Retail disappoints despite green shoots
Retail spending continues to underwhelm even as the sector shows green shoots of recovery following lower borrowing costs and government tax offsets.
Total seasonally adjusted retail spending rose 0.4 per cent to $27.55 billion for the month, according to Australian Bureau of Statistics data released on Friday, led by a 1.8 per cent rise in clothing, footwear and personal accessory retailing, and a 1.1 per cent rise for department stores.
But the rebound from a flat July result missed consensus forecasts of a 0.5 per cent rise, with economists yet to be convinced recent stimulus measures have been enough to boost the nation’s flagging economy.

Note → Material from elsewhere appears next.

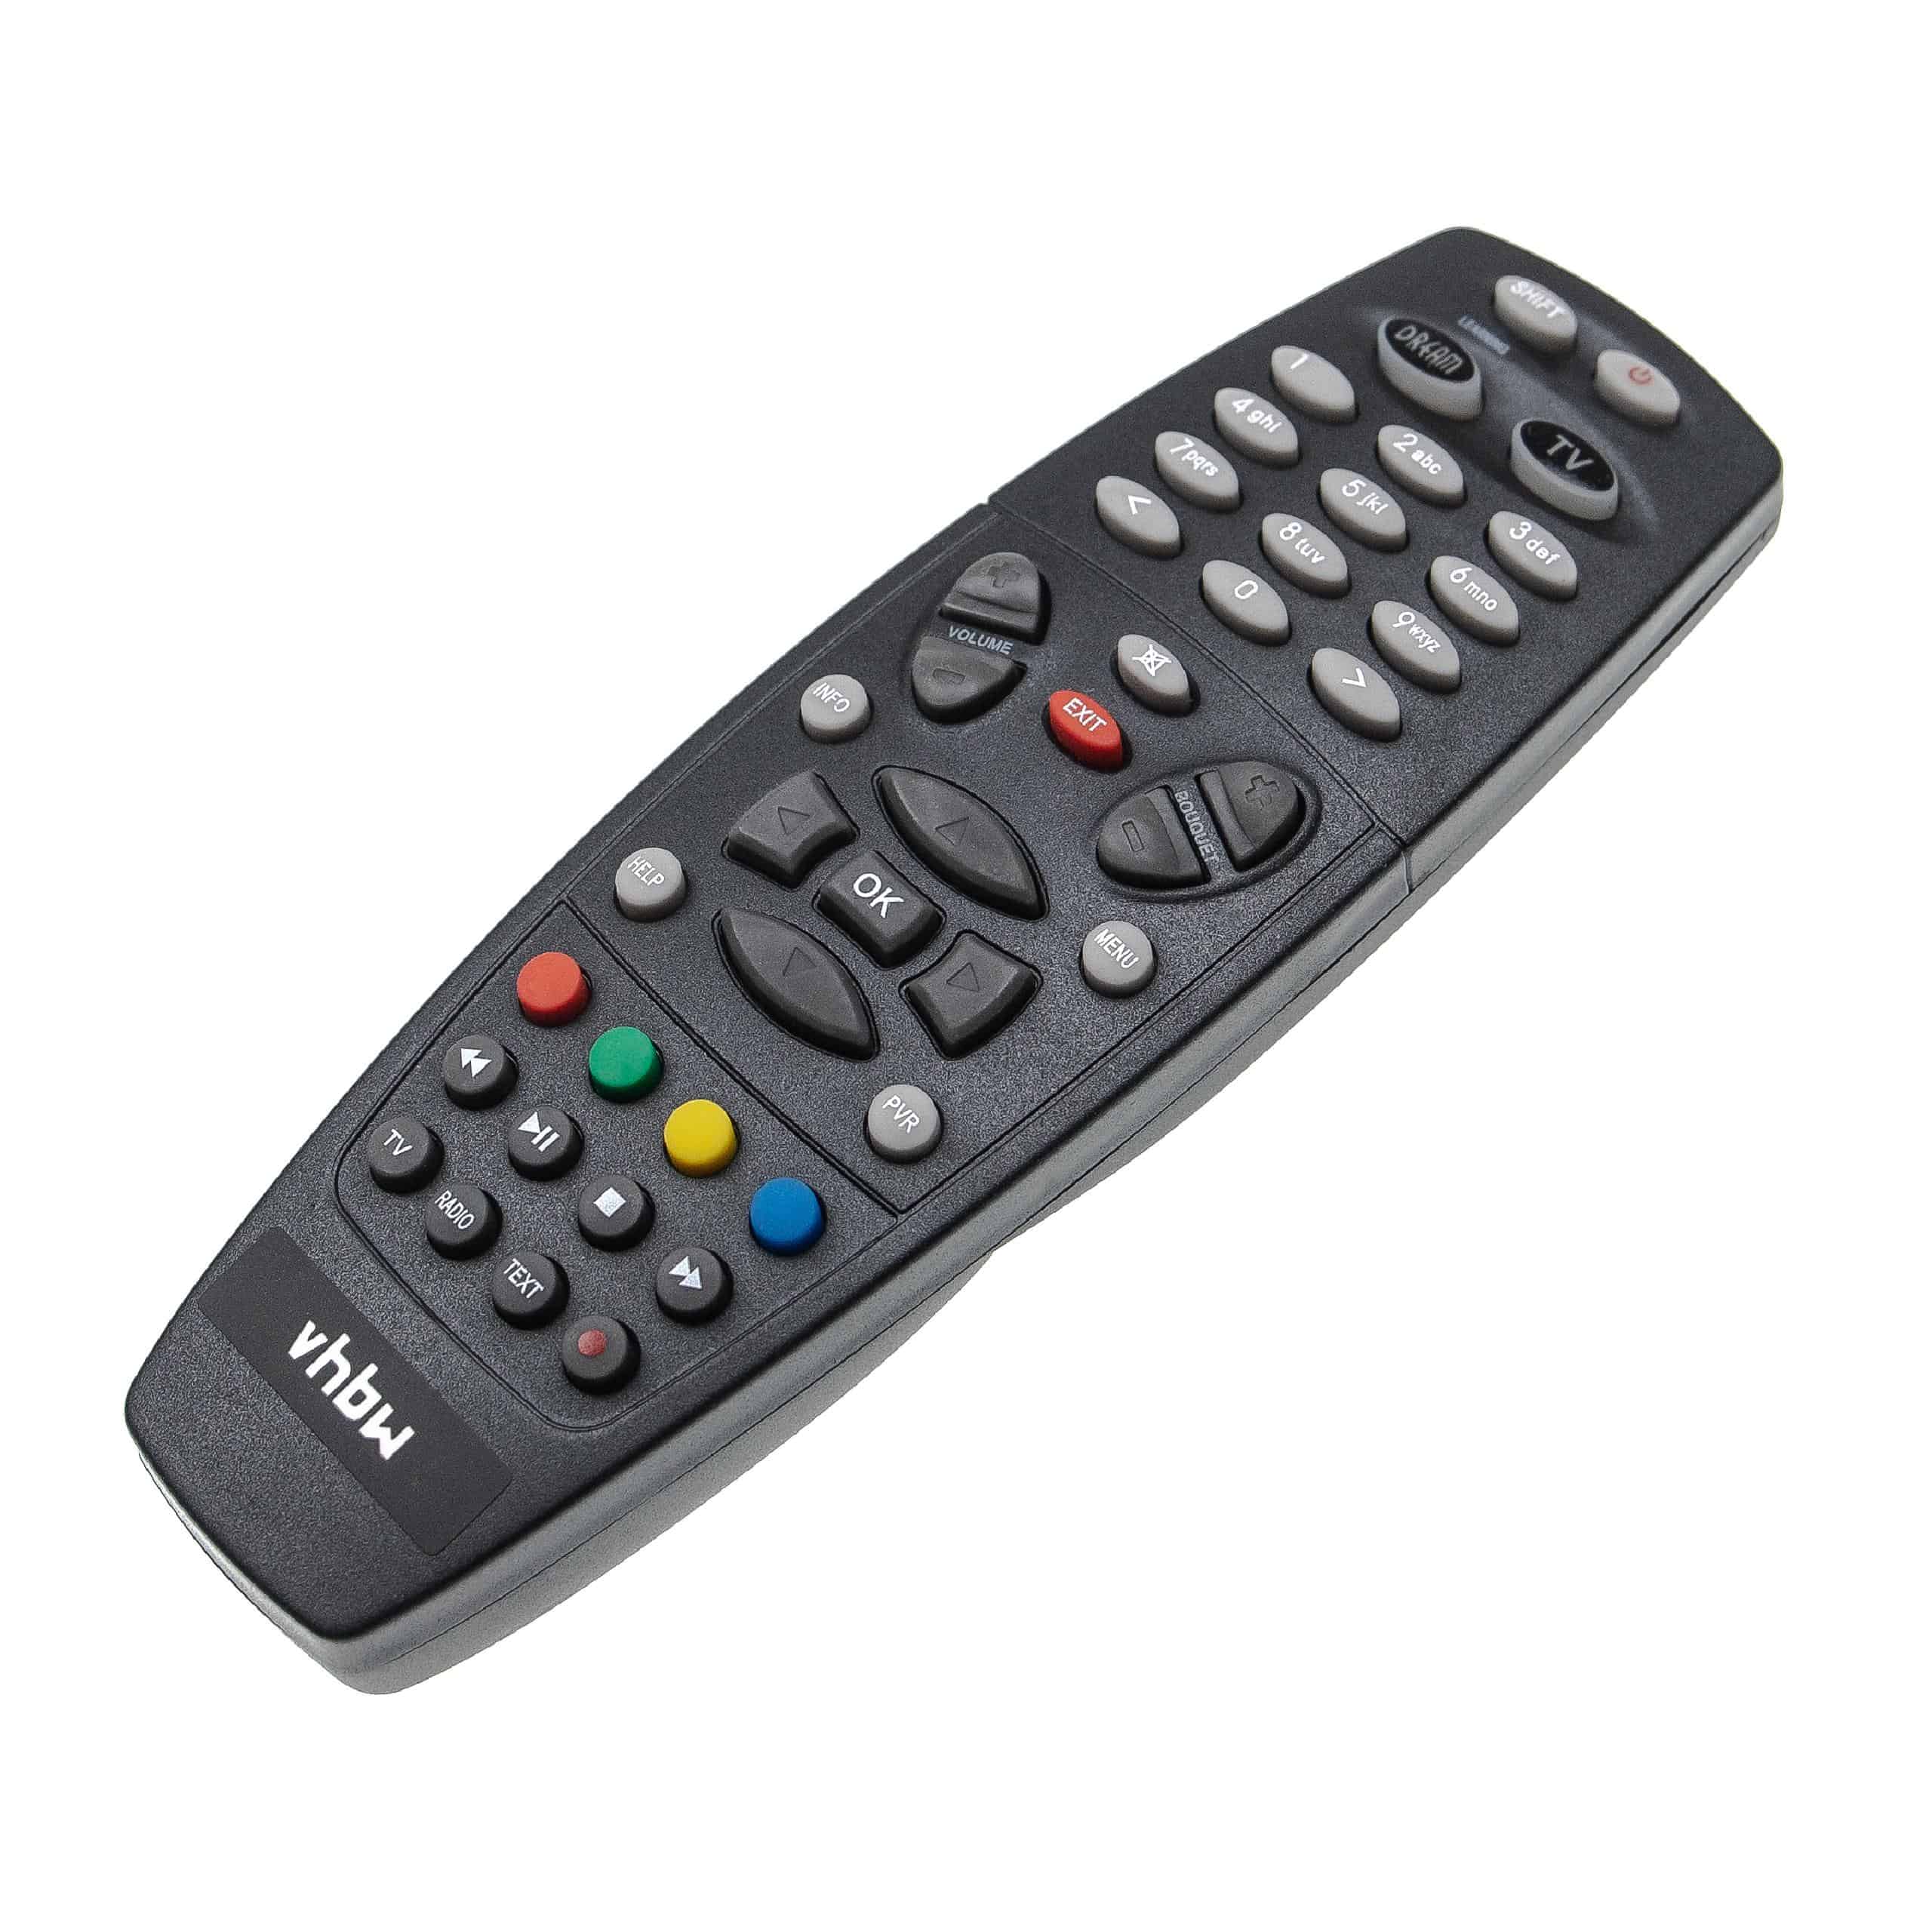 Remote Control replaces Dreambox RC-10 for Dreambox Streaming Box, Internet-TV Box

“As it stands, the 0.4 per cent gain suggests the ‘cash splash’ is barely a trickle so far,” Westpac economist Matthew Hassan said.

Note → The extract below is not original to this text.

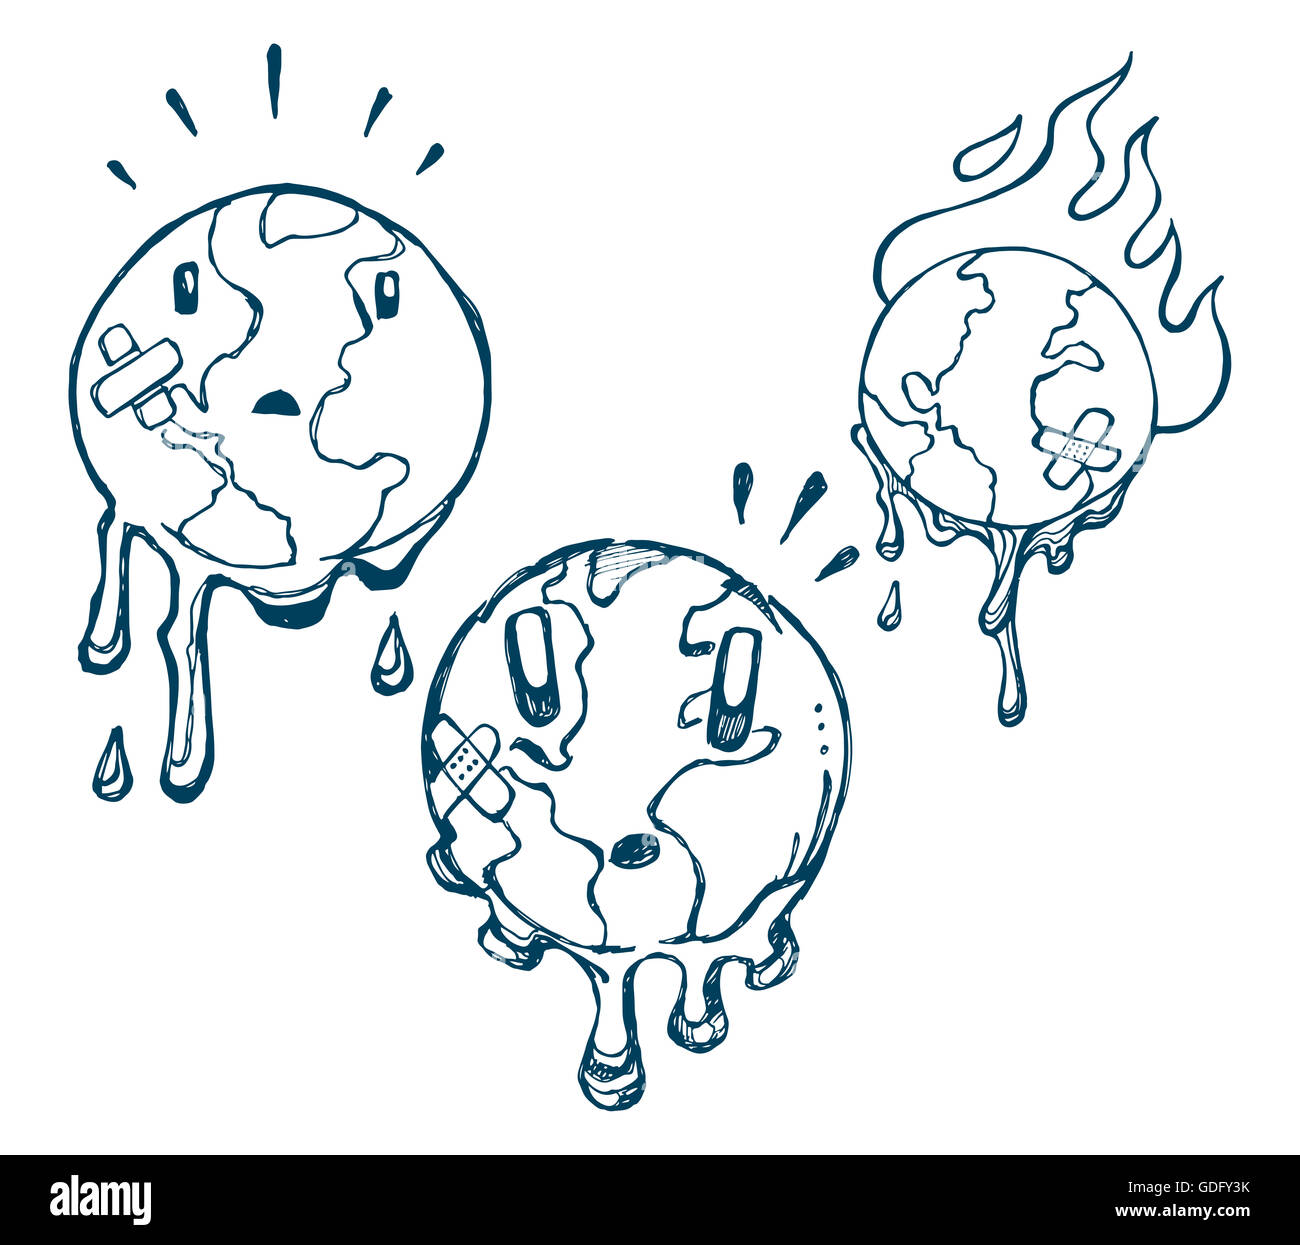 Planeta tierra dibujo Imágenes recortadas de stock - Alamy

The Reserve Bank cut the cash rate to a new record low 0.75 per cent on Tuesday after its previous two attempts to lower the cost of borrowing in June and July appeared to yield nought but an increase in property prices.
A 0.1 per cent retail decline in July was upwardly revised on Friday to reflect a flat result, following on from a June increase blighted by a disappointing result for quarterly volumes.

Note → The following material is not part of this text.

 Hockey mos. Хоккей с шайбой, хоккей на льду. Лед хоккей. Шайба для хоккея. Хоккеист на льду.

Callam Pickering, APAC economist from jobs site Indeed, said the response to the tax and interest rate cuts was far from encouraging.
“Tax cuts and the decline in mortgage rates were expected to provide a brief sugar hit for the household sector… That occurred to some degree in August but growth of 0.4 per cent is hardly worth crowing about,” Mr Pickering said.
“Spending on discretionary items, such as household goods, remains quite weak reflecting tight budgets and cautious households.”
All states except Western Australia and the Northern Territory recorded a retail rebound in August, with Queensland and South Australia recording the biggest lift, rising 0.8 per cent and 0.6 per cent respectively.
Retail spending in New South Wales and Victoria each rose by 0.3 per cent.
Mr Hassan said it was a disappointing overall result that suggested stimulus cash had not been deployed, or underlying conditions may be weaker than estimated.
“Either way it marks a softer than expected trajectory for the consumer so far in Q3,” Mr Hassan said.
The figures came as RBA Assistant Governor Luci Ellis identified heightened retail competition as having “profound” impact on pricing models for inflation, following the arrival of online retailers such as Amazon in Australia.
“After a long period where retail prices tended to rise at roughly the same rate as inflation generally, for the past decade or so, these prices have been flat to falling,” Ms Ellis said in a speech in Geelong.
NAB’s Kaixin Owyong said while a welcome return to growth, Friday’s weaker-than-expected figures suggested considerable headwinds were in effect.
“For the RBA, these data confirm anecdotes from retailers that suggested ongoing softness and suggests further stimulus is required to get consumer spending to lift,” Ms Owyong said.
NAB said it continues to expect the next 25bp cash rate cut to 0.5 per cent to occur in December.
The market has almost fully priced in a fourth cut for 2019 by the end of the year.
Further evidence of economic weakness presented itself as new car sales declined for an 18th consecutive month.
The number of vehicles sold across Australia last month was 6.9 per cent lower compared to September 2018, per data released by the Federal Chamber of Automotive Industries on Thursday.
The Australian dollar fell from 67.55 US cents to 67.49 US cents immediately after the release of the data, and was worth 67.54 at 1348 AEST.